____ AVAILABLE RECORDS

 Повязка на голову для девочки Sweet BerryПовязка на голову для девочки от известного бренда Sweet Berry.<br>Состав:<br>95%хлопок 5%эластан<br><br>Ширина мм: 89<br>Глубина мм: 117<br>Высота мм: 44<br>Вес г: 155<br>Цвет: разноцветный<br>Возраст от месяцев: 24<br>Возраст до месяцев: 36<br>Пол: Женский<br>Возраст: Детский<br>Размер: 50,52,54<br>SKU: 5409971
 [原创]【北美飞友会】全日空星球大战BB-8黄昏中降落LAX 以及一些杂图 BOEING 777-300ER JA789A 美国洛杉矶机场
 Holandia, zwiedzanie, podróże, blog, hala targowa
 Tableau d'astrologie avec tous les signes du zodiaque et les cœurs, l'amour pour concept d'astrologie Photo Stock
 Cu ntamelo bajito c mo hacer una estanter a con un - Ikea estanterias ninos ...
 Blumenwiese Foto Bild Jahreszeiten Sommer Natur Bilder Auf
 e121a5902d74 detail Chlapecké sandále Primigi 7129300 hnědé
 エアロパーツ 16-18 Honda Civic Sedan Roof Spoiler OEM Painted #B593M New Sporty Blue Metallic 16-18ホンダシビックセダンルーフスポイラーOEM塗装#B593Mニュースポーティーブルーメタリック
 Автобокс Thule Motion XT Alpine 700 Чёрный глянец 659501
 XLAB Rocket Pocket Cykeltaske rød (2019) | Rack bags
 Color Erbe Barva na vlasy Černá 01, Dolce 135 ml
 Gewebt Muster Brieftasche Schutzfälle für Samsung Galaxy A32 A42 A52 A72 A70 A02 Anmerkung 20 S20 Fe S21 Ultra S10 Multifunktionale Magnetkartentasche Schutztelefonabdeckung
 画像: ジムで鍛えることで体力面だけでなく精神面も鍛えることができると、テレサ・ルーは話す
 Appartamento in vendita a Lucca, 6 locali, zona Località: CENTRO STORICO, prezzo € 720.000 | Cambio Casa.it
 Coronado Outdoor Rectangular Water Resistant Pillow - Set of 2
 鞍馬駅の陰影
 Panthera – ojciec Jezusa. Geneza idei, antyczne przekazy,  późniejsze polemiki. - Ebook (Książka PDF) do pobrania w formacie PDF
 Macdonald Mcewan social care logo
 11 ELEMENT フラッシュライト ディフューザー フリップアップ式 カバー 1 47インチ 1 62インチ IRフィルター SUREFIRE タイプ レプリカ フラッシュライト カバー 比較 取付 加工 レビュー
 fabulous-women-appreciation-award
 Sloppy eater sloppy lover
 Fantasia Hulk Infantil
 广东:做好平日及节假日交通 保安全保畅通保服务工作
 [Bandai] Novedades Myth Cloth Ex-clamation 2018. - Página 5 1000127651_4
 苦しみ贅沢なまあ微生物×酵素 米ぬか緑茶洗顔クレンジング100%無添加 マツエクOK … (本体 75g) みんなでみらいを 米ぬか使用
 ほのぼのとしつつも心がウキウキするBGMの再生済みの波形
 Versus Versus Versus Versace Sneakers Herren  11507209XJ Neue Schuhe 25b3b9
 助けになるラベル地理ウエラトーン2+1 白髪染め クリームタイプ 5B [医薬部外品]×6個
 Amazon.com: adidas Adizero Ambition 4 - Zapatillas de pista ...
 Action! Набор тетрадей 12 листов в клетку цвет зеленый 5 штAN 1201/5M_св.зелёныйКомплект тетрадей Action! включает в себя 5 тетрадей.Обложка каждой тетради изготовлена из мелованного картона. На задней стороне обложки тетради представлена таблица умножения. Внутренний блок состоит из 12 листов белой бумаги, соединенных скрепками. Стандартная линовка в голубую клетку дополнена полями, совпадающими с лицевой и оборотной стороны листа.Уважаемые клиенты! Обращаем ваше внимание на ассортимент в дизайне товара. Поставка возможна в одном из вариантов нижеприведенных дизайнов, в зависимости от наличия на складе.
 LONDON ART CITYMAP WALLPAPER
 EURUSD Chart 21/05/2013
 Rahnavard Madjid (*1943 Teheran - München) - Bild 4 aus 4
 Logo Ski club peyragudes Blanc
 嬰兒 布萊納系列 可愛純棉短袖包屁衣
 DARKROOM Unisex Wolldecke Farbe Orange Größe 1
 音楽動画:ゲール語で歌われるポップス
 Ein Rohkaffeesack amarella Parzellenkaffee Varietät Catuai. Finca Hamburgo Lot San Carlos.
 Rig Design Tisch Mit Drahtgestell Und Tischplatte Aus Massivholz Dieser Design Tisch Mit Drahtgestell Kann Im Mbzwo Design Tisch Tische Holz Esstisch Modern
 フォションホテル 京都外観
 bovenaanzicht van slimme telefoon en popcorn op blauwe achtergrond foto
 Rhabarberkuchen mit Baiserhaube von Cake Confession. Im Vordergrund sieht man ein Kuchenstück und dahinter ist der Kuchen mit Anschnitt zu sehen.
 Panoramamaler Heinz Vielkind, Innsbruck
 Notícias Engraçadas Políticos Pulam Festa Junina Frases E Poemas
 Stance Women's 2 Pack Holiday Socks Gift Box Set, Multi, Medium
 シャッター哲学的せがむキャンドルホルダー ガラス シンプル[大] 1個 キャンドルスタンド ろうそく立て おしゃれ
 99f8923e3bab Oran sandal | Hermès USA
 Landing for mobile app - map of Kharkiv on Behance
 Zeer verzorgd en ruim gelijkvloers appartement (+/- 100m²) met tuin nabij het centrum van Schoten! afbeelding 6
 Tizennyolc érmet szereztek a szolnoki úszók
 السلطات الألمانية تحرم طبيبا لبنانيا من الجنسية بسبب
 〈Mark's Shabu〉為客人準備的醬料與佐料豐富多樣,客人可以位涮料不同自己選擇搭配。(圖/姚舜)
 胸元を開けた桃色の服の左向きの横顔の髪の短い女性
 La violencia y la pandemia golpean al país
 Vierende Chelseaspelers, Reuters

________

### REQUIRED WORK
The word "Bild" appears in some of the lines above. Copy those lines.

### SOLVED EXERCISE
 Blumenwiese Foto Bild Jahreszeiten Sommer Natur Bilder Auf
 Rahnavard Madjid (*1943 Teheran - München) - Bild 4 aus 4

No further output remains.